Print the listing below exactly, minus its pictures.

## SOURCE DATA
-- Opening Marker --
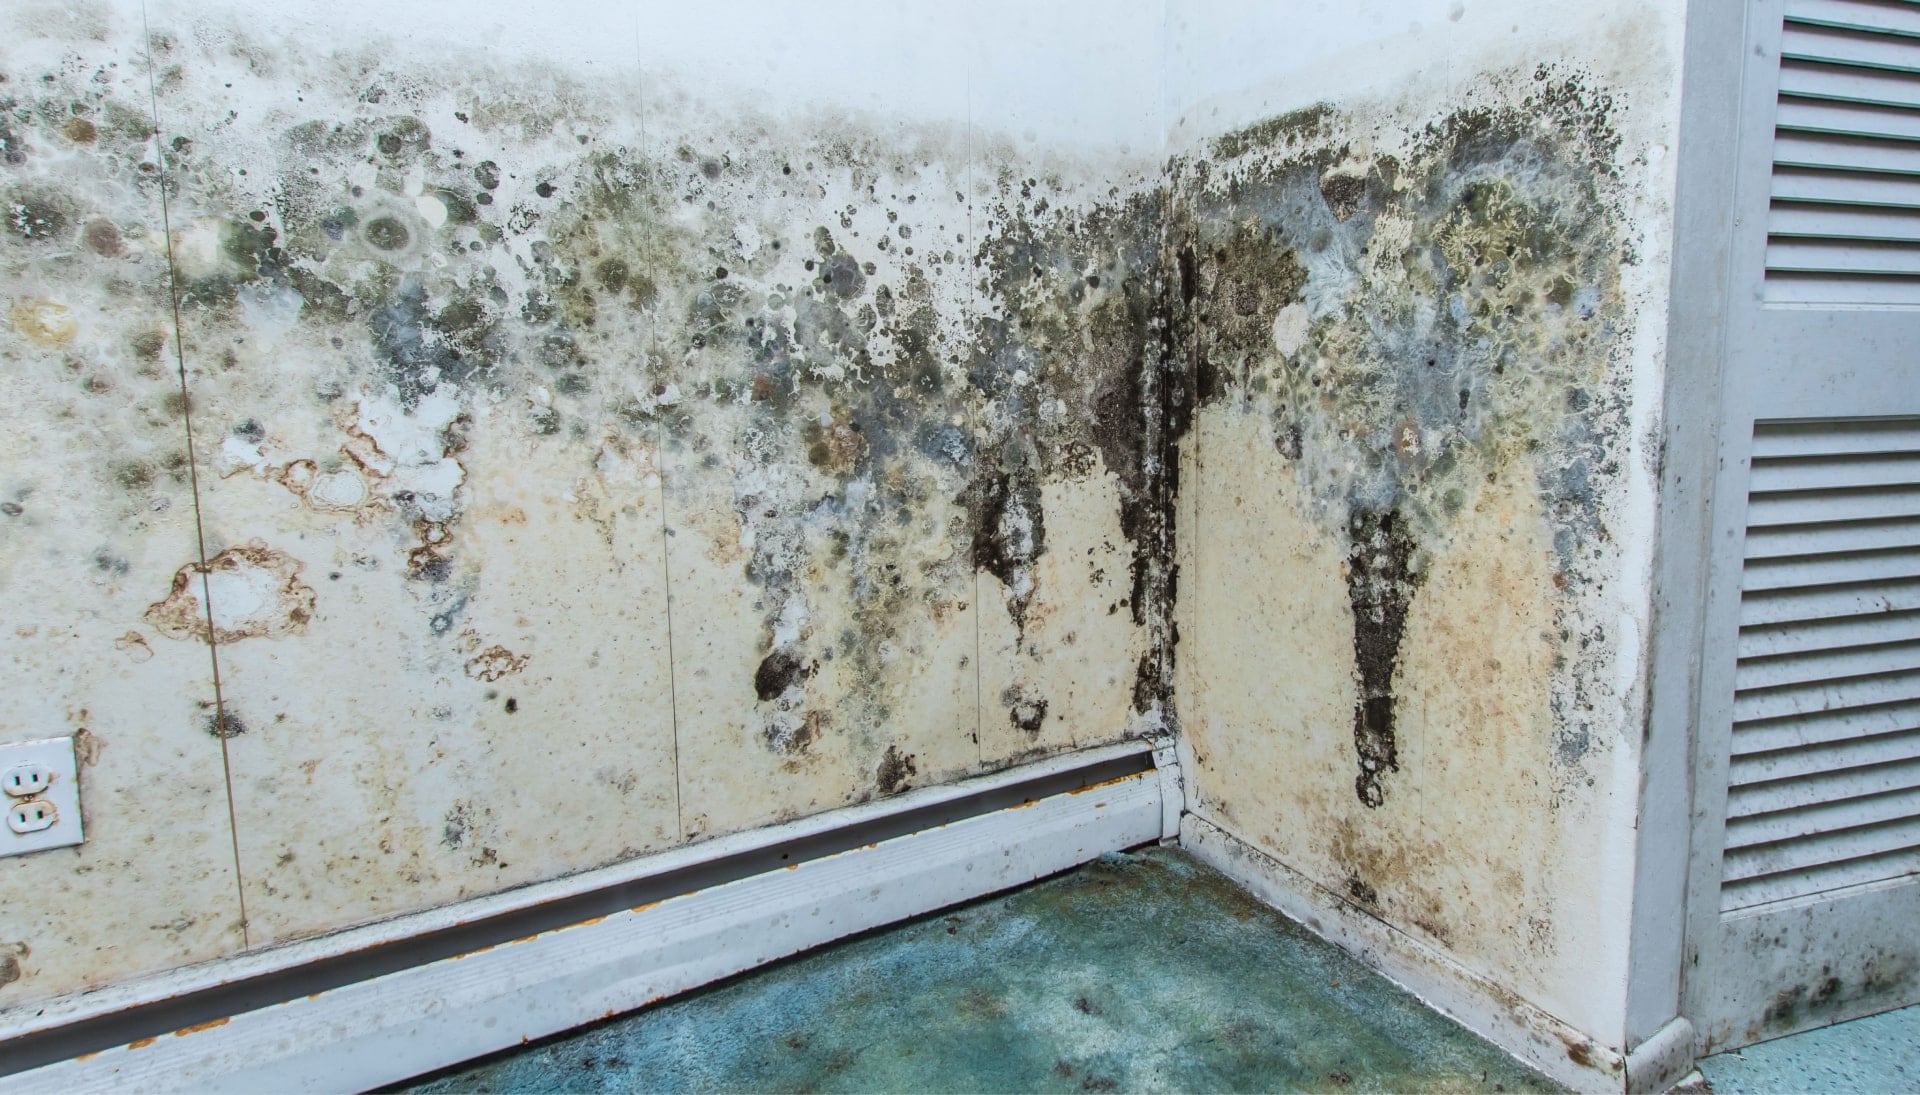 Professional mold removal, odor control, and water damage restoration service in Boston, Massachusetts.
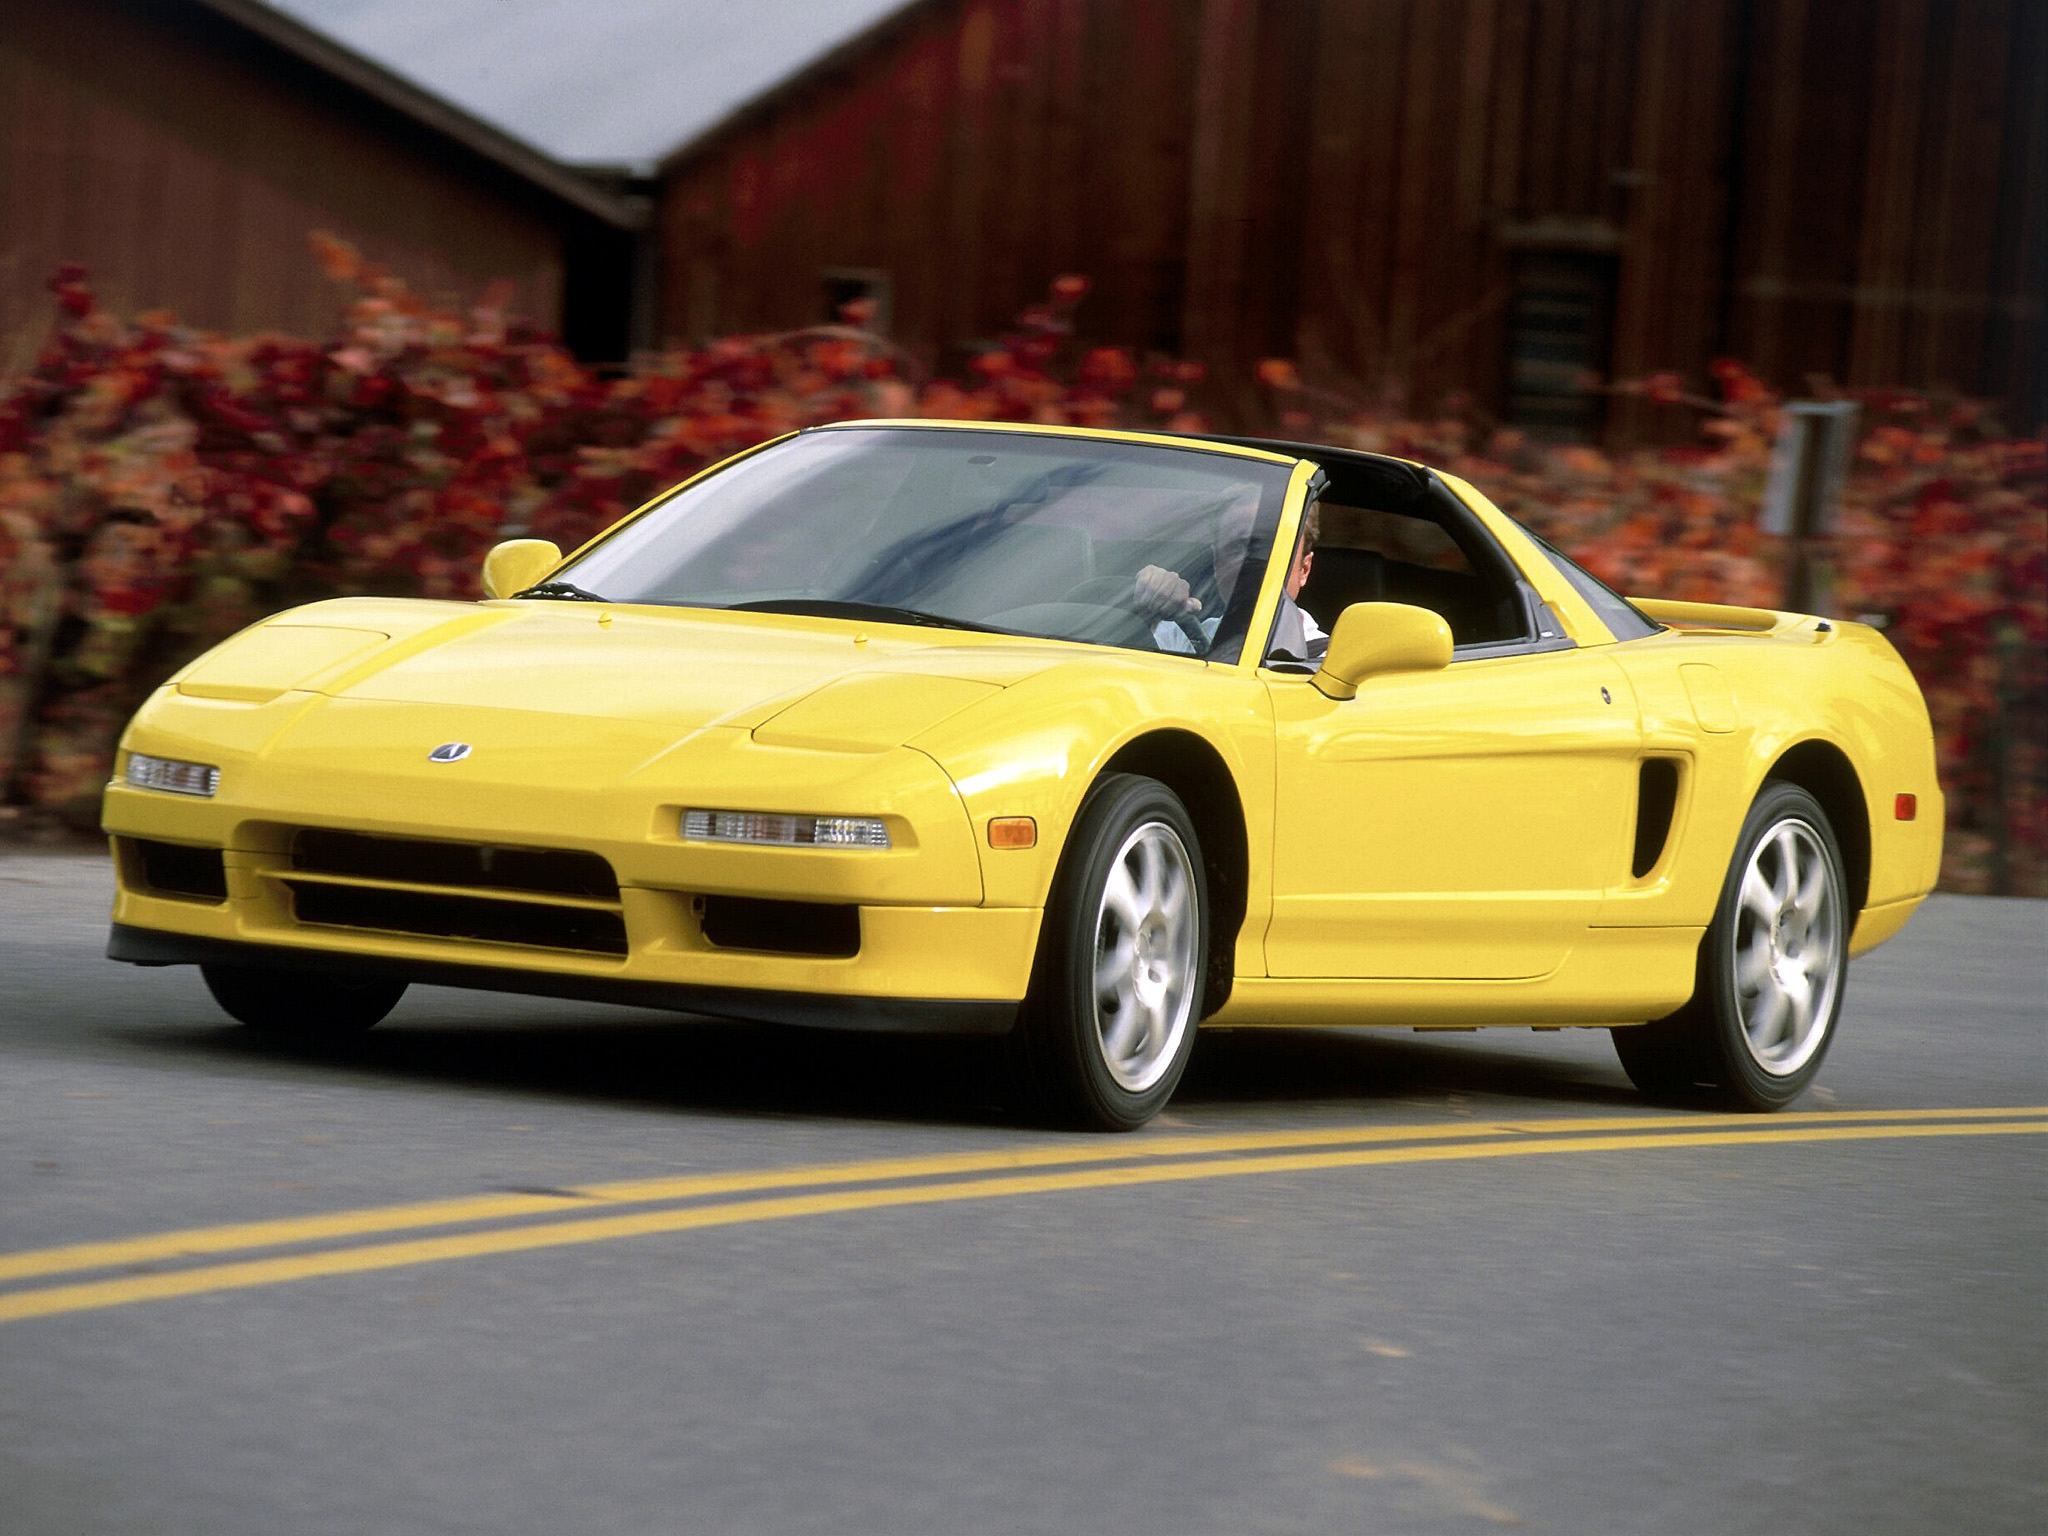 acura, sports, auto, cars, yellow, front view, speed, style, cabriolet, akura, nsx t, nskh t, nsh t
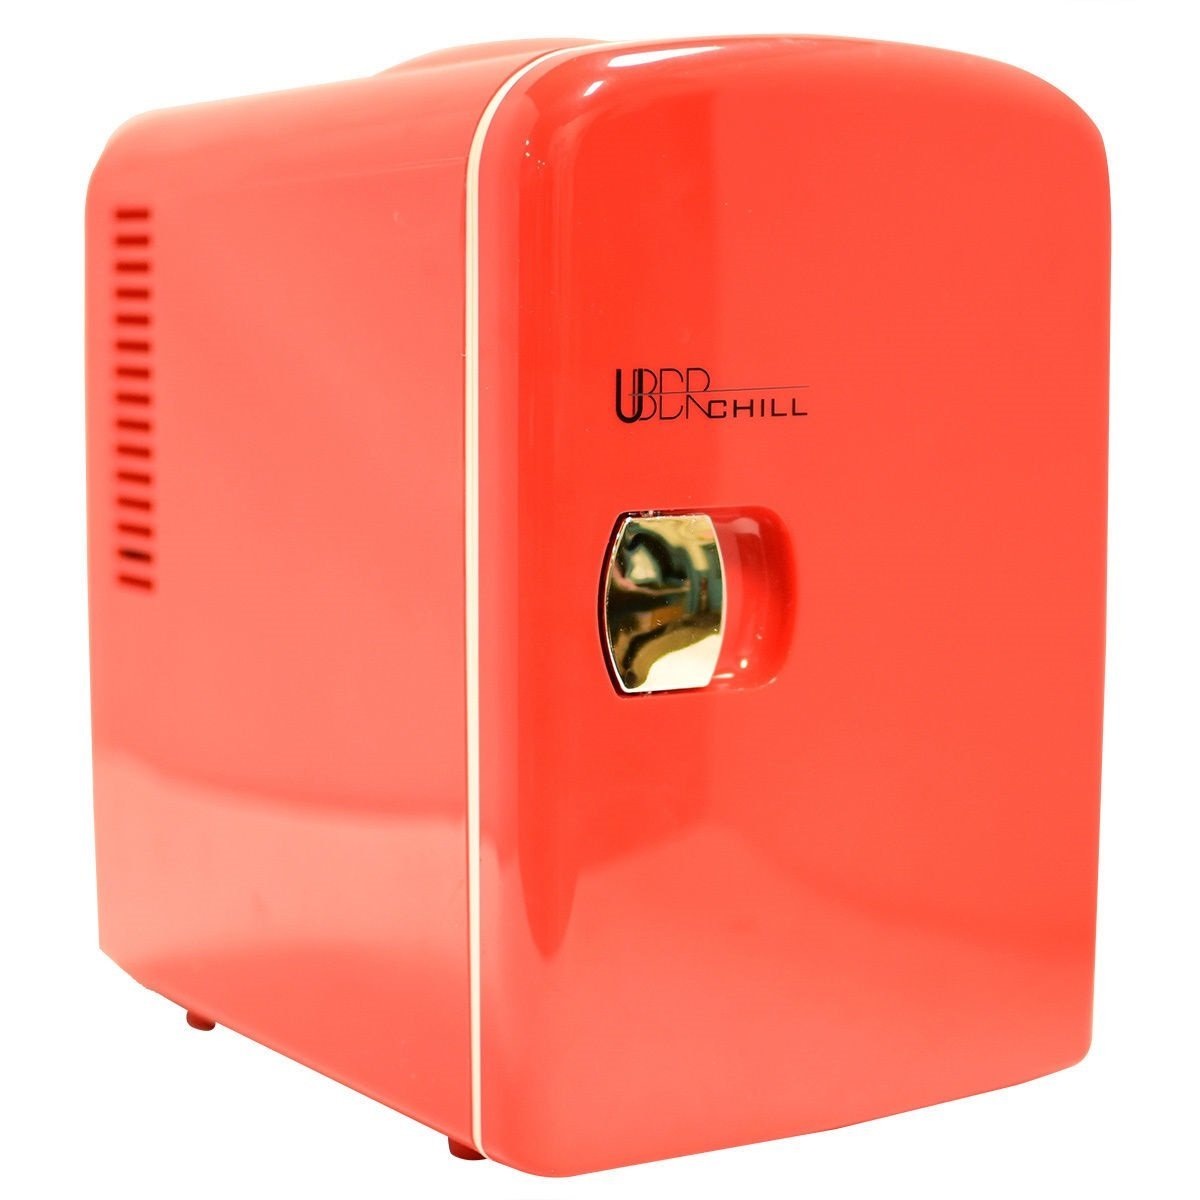 Ub-ch1-red Chill 6 Can Retro Personal Mini Fridge For Bedroom, Office Or Dorm - Red
-- Closing Marker --
## WORKED SOLUTION
 Professional mold removal, odor control, and water damage restoration service in Boston, Massachusetts.
 acura, sports, auto, cars, yellow, front view, speed, style, cabriolet, akura, nsx t, nskh t, nsh t
 Ub-ch1-red Chill 6 Can Retro Personal Mini Fridge For Bedroom, Office Or Dorm - Red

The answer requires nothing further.